Accuracy was not appropriate here due to the class imbalance. Although AUC showcases model performance across a wide range of thresholds and risk levels, a metric that better expresses model performance at low false positive rates was required to avoid alarm fatigue. Therefore, the bottom left hand corner of a Receiver Operating Characteristic (ROC) curve (partial ROC curve) was focused because it corresponds to the lower false positive rate.

Another metric used was the F1 score, which is the harmonic mean of precision and recall. A good F1 means that the model identifies the real event and avoids being disturbed by false alarms. The F1 score yields a more accurate reflection of model performance at low false positive rates.

Machine Learning Algorithms

Logistic Regression, Random Forest, Extreme Gradient Boosting (XGBoost)

Logistic regression is robust to class imbalance, but lacks in flexibility. The risk of clinical deterioration is not an additive function of patients’ physiological parameters.

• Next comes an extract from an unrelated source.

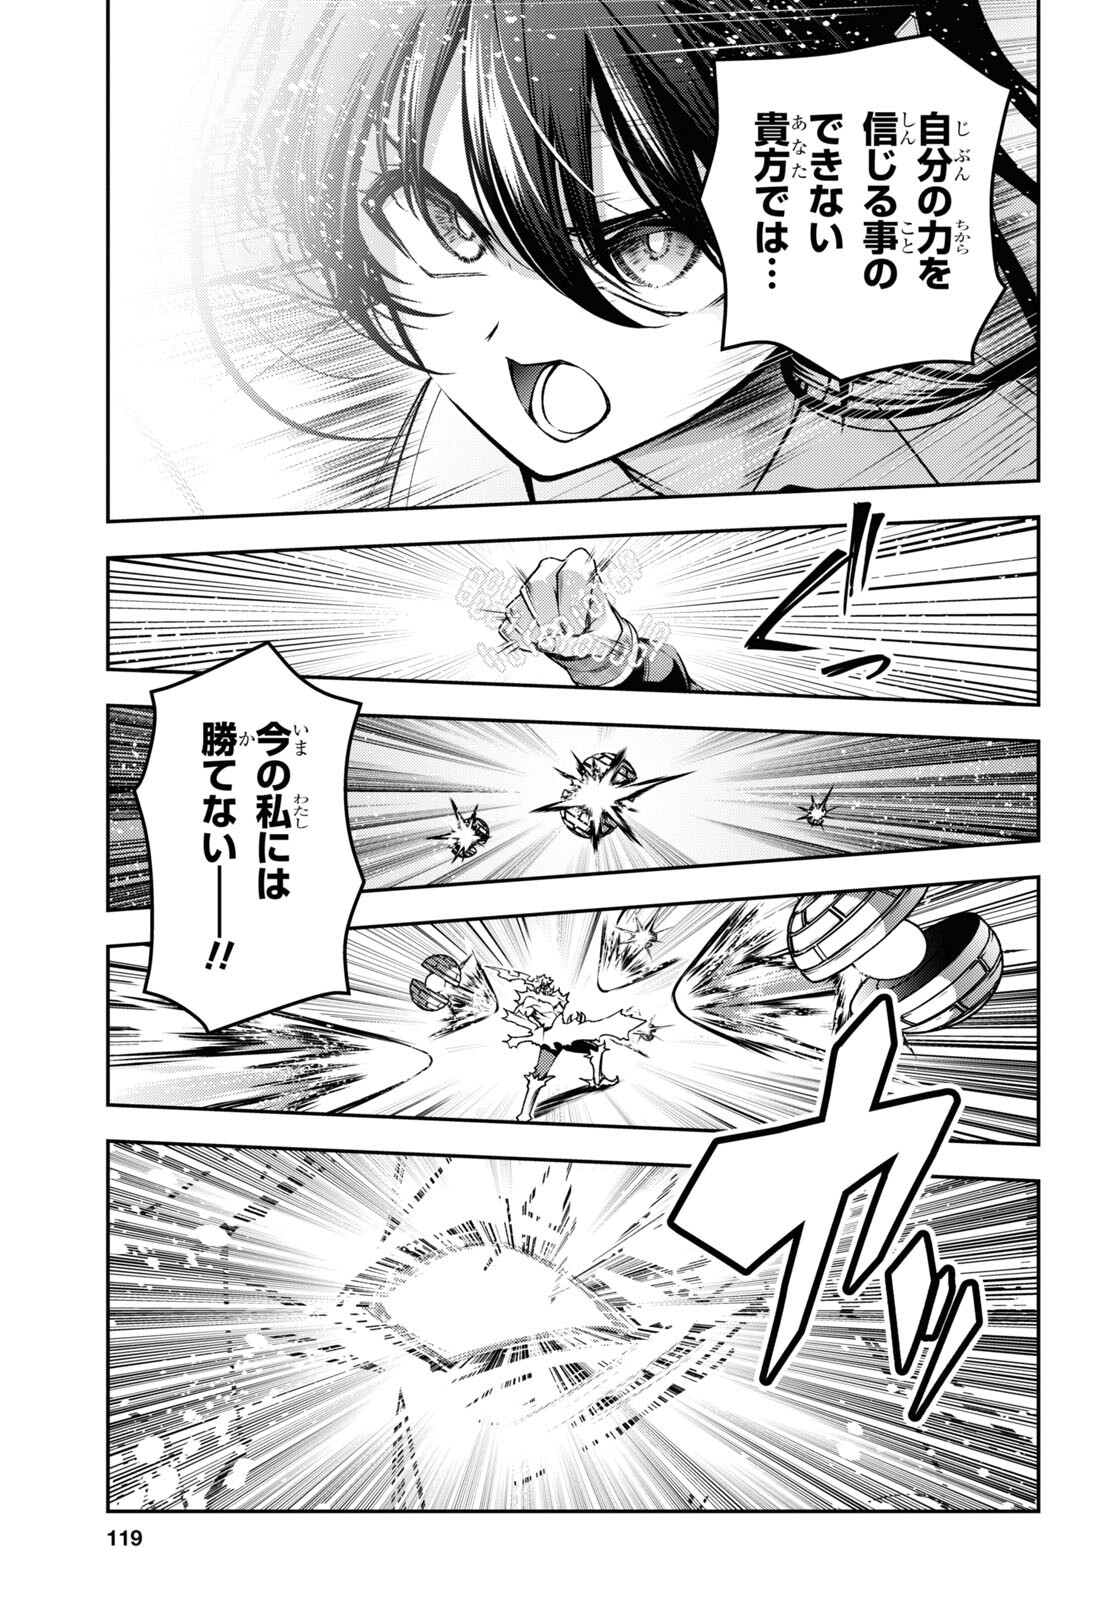 Seiken Gakuin no Maken Tsukai - Chapter 47 - Page 3

Crossing certain thresholds of some variables are more likely to be an indication of high risk which might be missed in logistic regression. Comparatively, tree-based models are more appropriate for our application because they were designed to find these thresholds. It adds additional randomness to the training process which provides a more accurate and stable prediction. XGBoost is another popular supervised learning algorithm for solving classification problems, reducing running time by implementing parallel processing.

Super Learner

Considering different models may detect different patients, so a super learner was developed by stacking different models together. The idea behind this approach was that taking all of the individual model predictions into account and combining them into a single prediction would be more effective in detecting a wider variety of patients than any single model. The super learner was fed predicted probabilities from the candidate learners (random forest, logistic regression and XGBoost) and combined them into a single probability. Rather than build a single model using all of the features, a probability was generated per candidate learner per category of feature. These probabilities were, in turn, used as inputs to a larger logistic regression model to produce a probability for each observation in the dataset. The architecture of super learner is shown as below.

super_learner

Results

Random forest has the highest AUC and exceeds super learner by a very little. But based on F1, the super learner leads among all the models. As mentioned, partial ROC curves was focused which corresponds to the high thresholds and helps prevent the alarm fatigue for clinicians. In the partial ROC curves, the super learner separates itself from other models, which are reflected well by F-1 score. It shows that the F1 is the desirable metric to evaluate model’s performances in applications with low event rates.

bar_plot              ROC_curve
                               Fig. F1 score and AUC (left) and ROC Curves (right) For The Four Prediction Models

In conclusion, the random forest and super learning perform the best in our case, and F1 score can best represent the model’s performance in the application with low event rate.